The Command Channel (HTTP POST 🗣️): This is your direct line to the kitchen. You use it to place an order (send a request or notification). The magic here is that the waiter (the server) can talk back to you on that same line while your order is being prepared. They might give you progress updates ("The chef is searing the steak now!") or even partial results ("Here are your appetizers while you wait."). This is all handled within the response to your single POST request, which can itself be a stream of events.
The Announcement Channel (HTTP GET 📢): This is the restaurant's PA system. You tune in once (by making a long-lived GET request) and then you can hear any general announcements from the restaurant ("The special for tonight is...").

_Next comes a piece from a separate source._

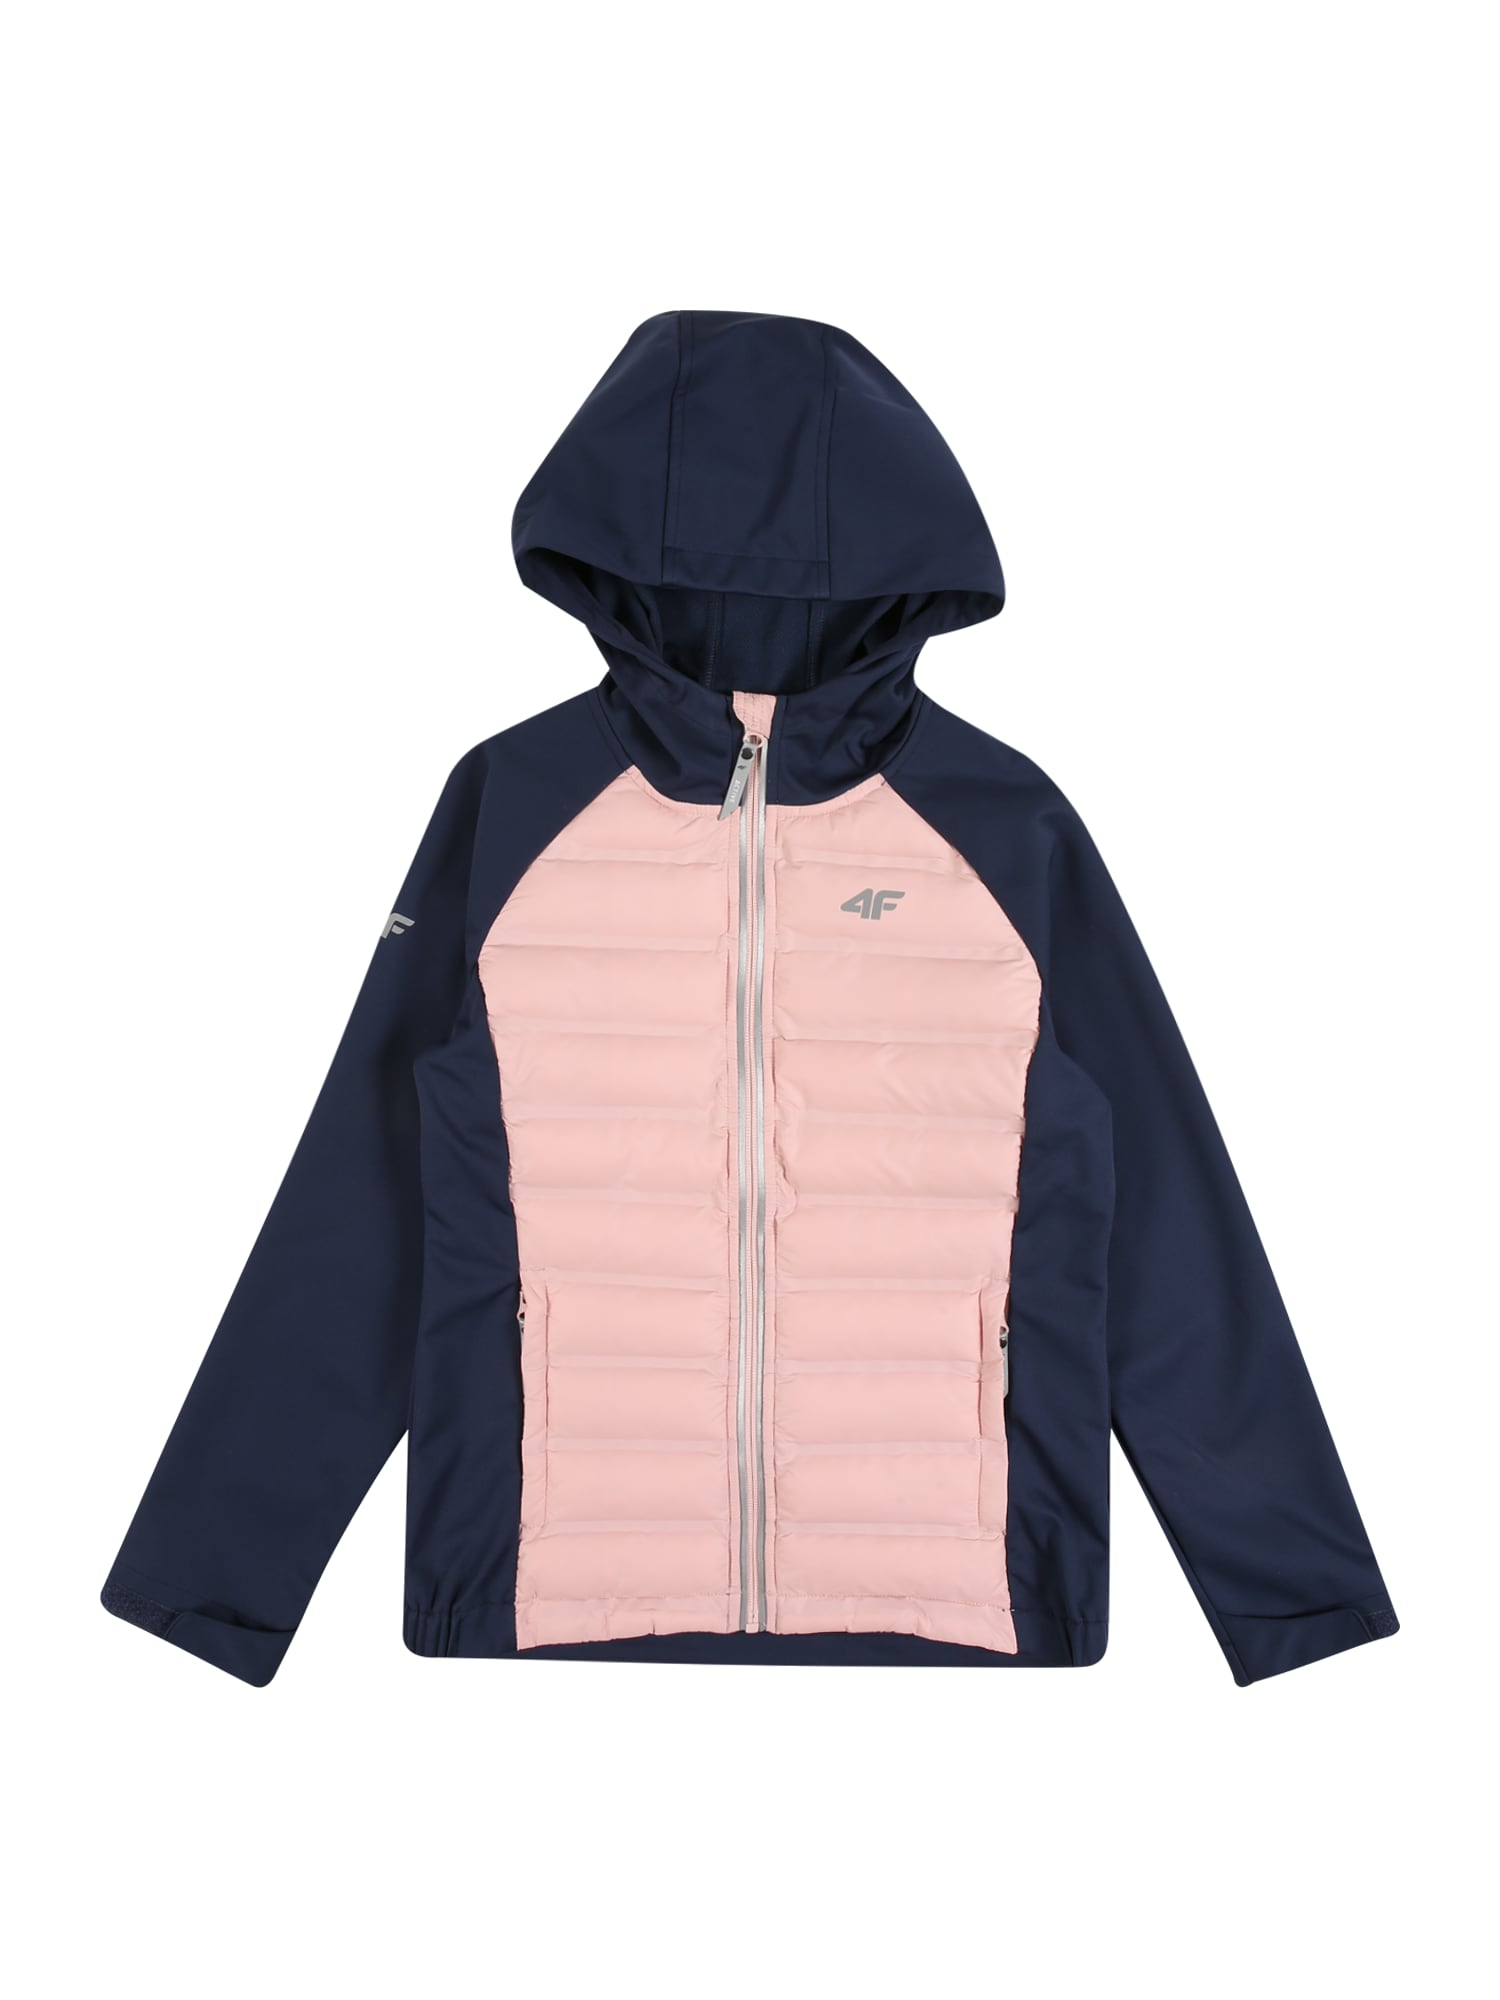 4F Laisvalaikio striukė ryškiai rožinė spalva / tamsiai mėlyna

These are unsolicited, server-initiated events that aren't tied to any specific order you placed.

This design gives us the best of both worlds: the familiar, direct nature of POST for commands, and the persistent, low-latency nature of a GET-based Server-Sent Events (SSE) stream for asynchronous updates. The entire system is brought to life by the implementations in client/streamableHttp.ts and server/streamableHttp.ts.

The Brains of the Operation: The Abstract `Protocol` Class 🧠

Before we even get to the HTTP part, we need to understand the core logic layer: the abstract Protocol class found in shared/protocol.ts. Think of the HTTP transport layers as the plumbing (the pipes and wires), but this Protocol class is the brain that decides what flows through them. It handles the nitty-gritty of JSON-RPC 2.0 framing, request lifecycles, and reliability.

How Requests and Responses are Matched

When your application code calls client.request(...), how does it know which response belongs to it, especially when multiple requests are happening at once?

It all starts with a unique ID. The Protocol class maintains a counter, _requestMessageId, and assigns a new ID to every outgoing request. It then creates a Promise and cleverly stores its resolve and reject functions in a Map called _responseHandlers, using the message ID as the key.

Here's that critical piece of code. It's the moment the client makes a promise it intends to keep.

// From: @modelcontextprotocol/typescript-sdk/src/shared/protocol.ts

// The client is setting a trap. It's saying, "When a response with `messageId`
// arrives, execute this function to either resolve or reject my promise."
this._responseHandlers.set(messageId, (response) => {
  // First, check if the request was already cancelled by our side.
  if (options?.signal?.aborted) {
    return;
  }
  // If the response is an error, reject the promise.
  if (response instanceof Error) {
    return reject(response);
  }
  // If it's a success, parse the result against the expected schema and resolve!
  try {
    const result = resultSchema.parse(response.result);
    resolve(result);
  } catch (error) {
    // If the server's response doesn't match our expected shape, that's an error too.
    reject(error);
  }
});

When a message arrives from the server, the transport's onmessage handler passes it to the Protocol class, which acts as a triage nurse. If the message has a result or error field, it knows it's a response and calls _onresponse. This function is the other half of the trap: it grabs the ID from the response, finds the corresponding handler in _responseHandlers, and springs it, fulfilling the promise.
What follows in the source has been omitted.